Prof. De Guchtenaere vraagt een geïntegreerde aanpak vanuit alle disciplines die met kindzorg te maken hebben. “Voor een oncologisch probleem wordt een patiënt geMOCt, (medisch oncologisch consult dat multidisciplinair verloopt). Waarom kan dat niet voor een kind met een adverse child detected experience?”
Minister van het Kind
“Onze laatste aanbeveling omvat niet toevallig de aanstelling van een Minister van het Kind. We tellen nu niet minder dan 29 excellenties die iets over het kind te zeggen hebben!“
Zelf zijn de kinderartsen niet te beroerd om ook de hand in eigen boezem te steken: “Onze procedures moeten pijnvrij zijn. Twee derde van de kinderen heeft angst om naar het ziekenhuis te trekken, daar moeten we aan werken. Maar we hebben nul komma nul euro voor een Prosa-beleid (1). In dat opzicht hangen we af van de goodwill van ziekenhuizen om die omkadering mee te financieren.
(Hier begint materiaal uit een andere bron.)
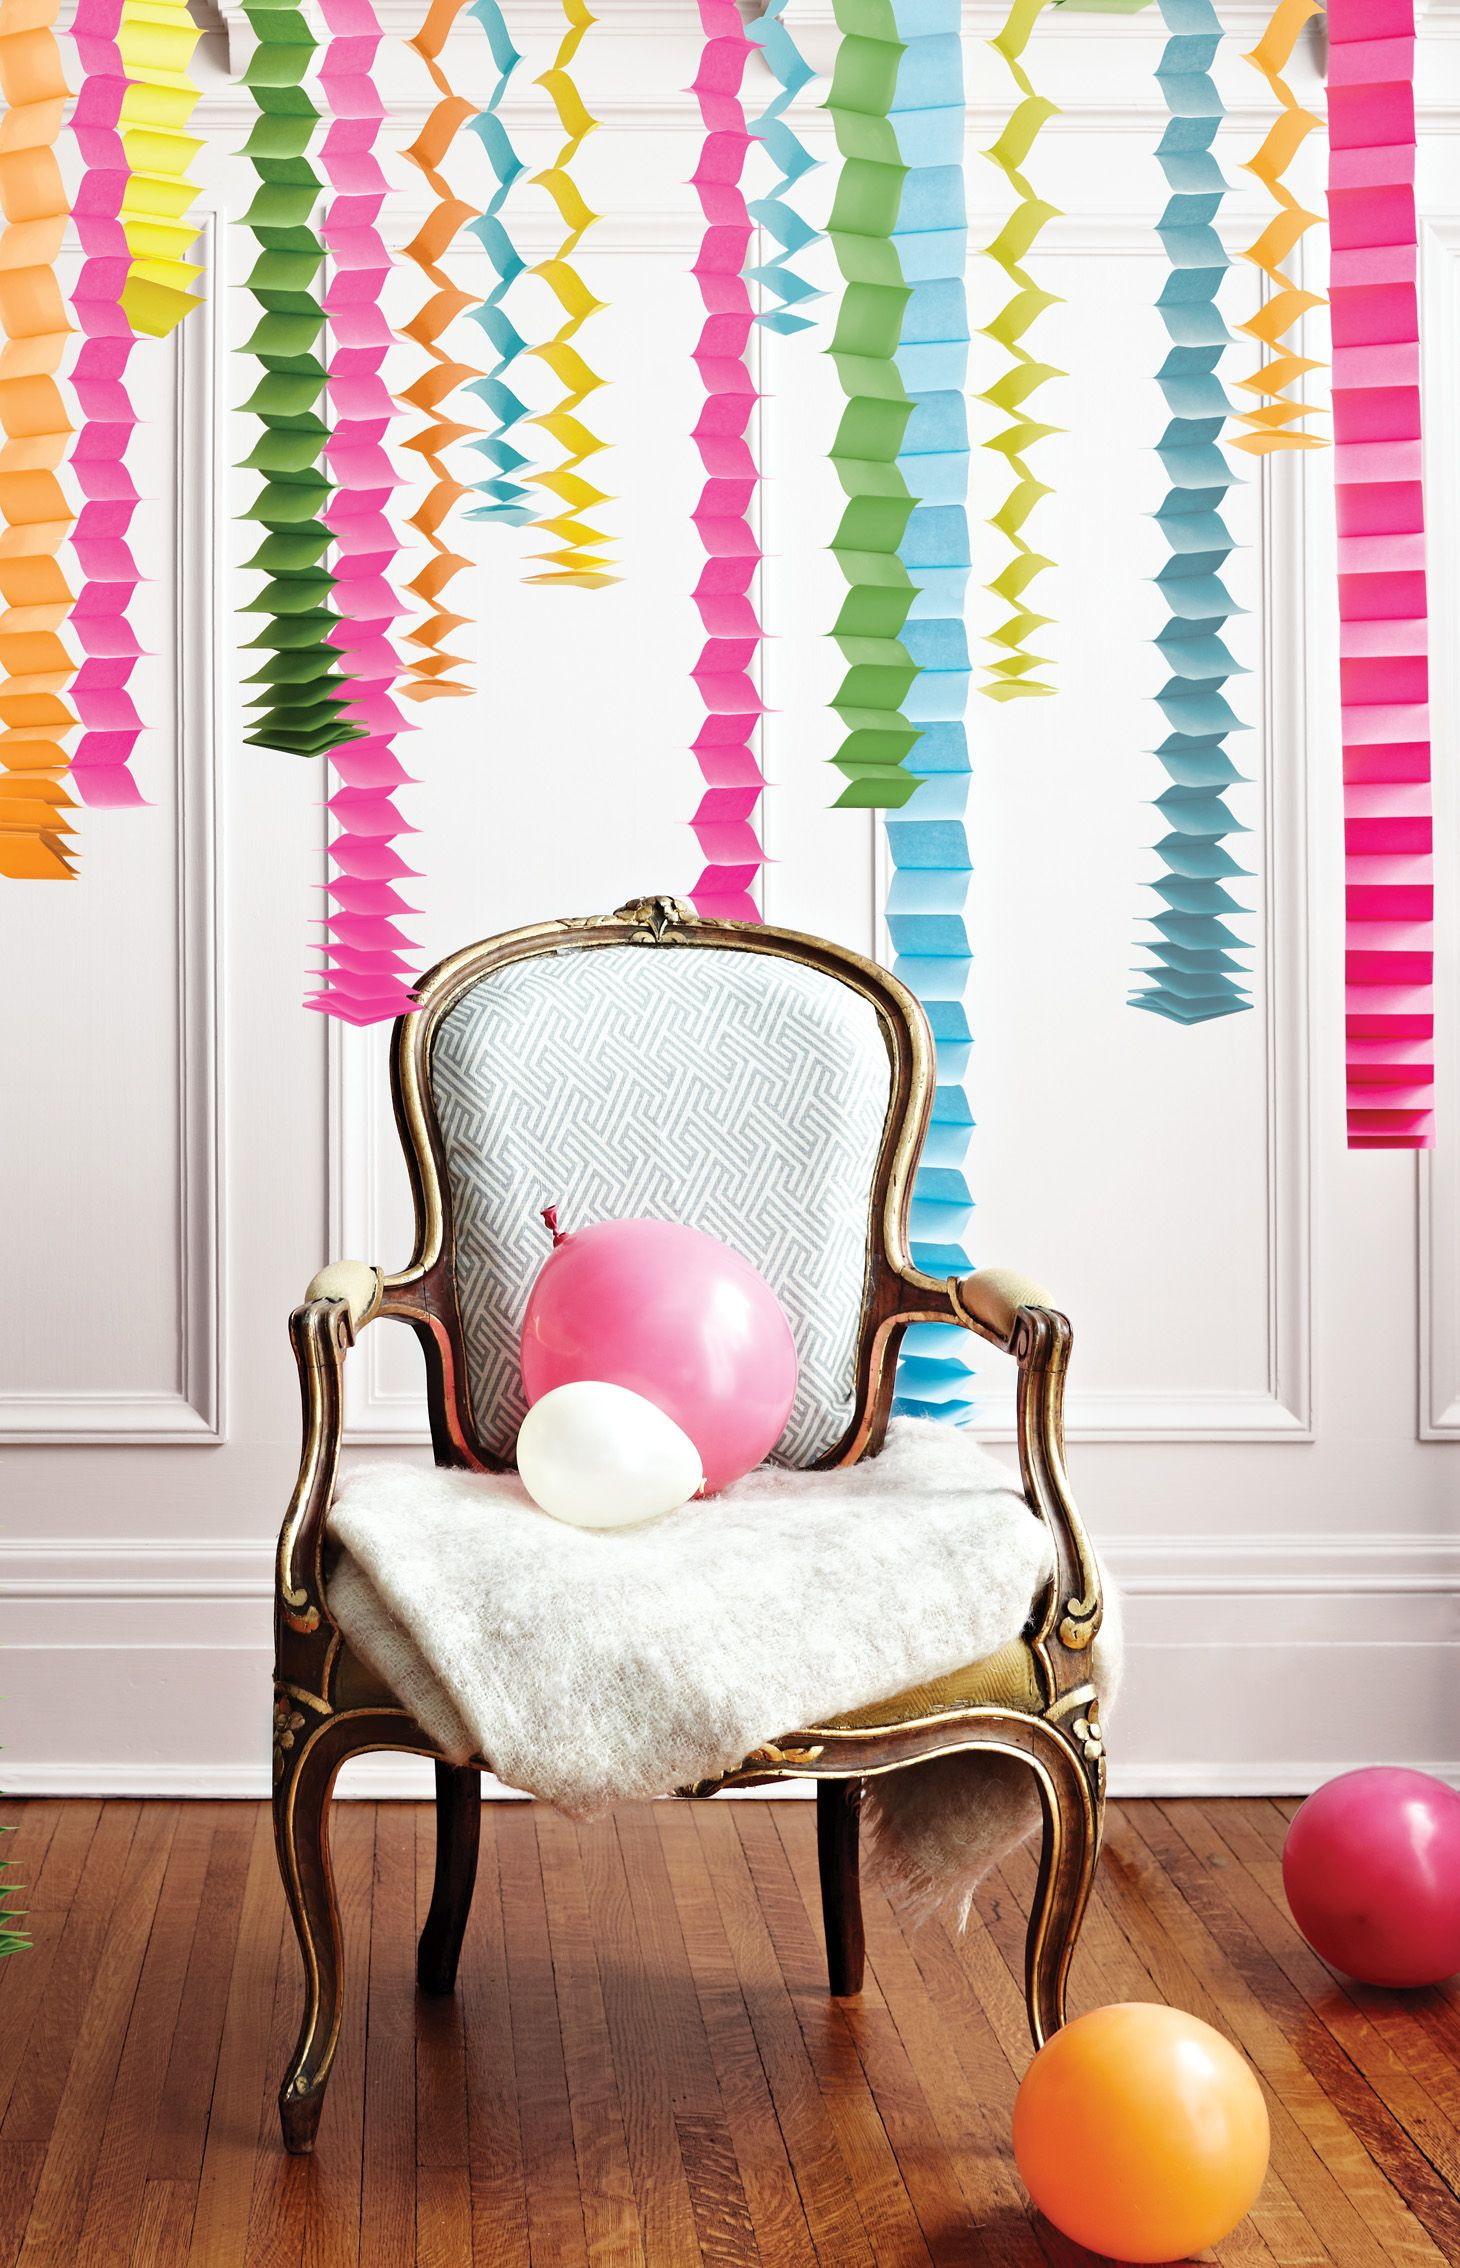 How To Decorate Birthday Party
 Creating A Housewarming Party With DIY Decorations

Vandaag roeien we met de riemen die we hebben: er is geen enkel specialisme dat zoveel pannenkoeken bakt voor het goede doel!”
Bij de Belgische kinderartsen borrelt naar eigen zeggen al zo’n twintig jaar een groeiende frustratie. Meer en meer kinderen en jongeren kampen met langdurige ziektes: zowel fysieke als mentale problemen komen jaar na jaar vaker én op jongere leeftijd voor. Ondertussen gaat de zorg -18-jarigen er echter op achteruit, door een versnipperd beleid, verdeeld over de gewestelijke en federale bevoegdheidsniveaus. Dit met alle nefaste gevolgen van dien voor de kwaliteit en veiligheid van medische zorg op kindermaat. Het kind staat allesbehalve centraal. “Het ontbreekt aan een ‘kindreflex’”, vat Prof. Ann De Guchtenaere het samen.
(1) PROSA staat voor PROcedurele Sedatie en Analgesie, maar ook – en vooral – voor een verhaal van respect, verbinding en vertrouwen. Angst vermijden en het behoud van vertrouwen bij het kind staan hierbij centraal.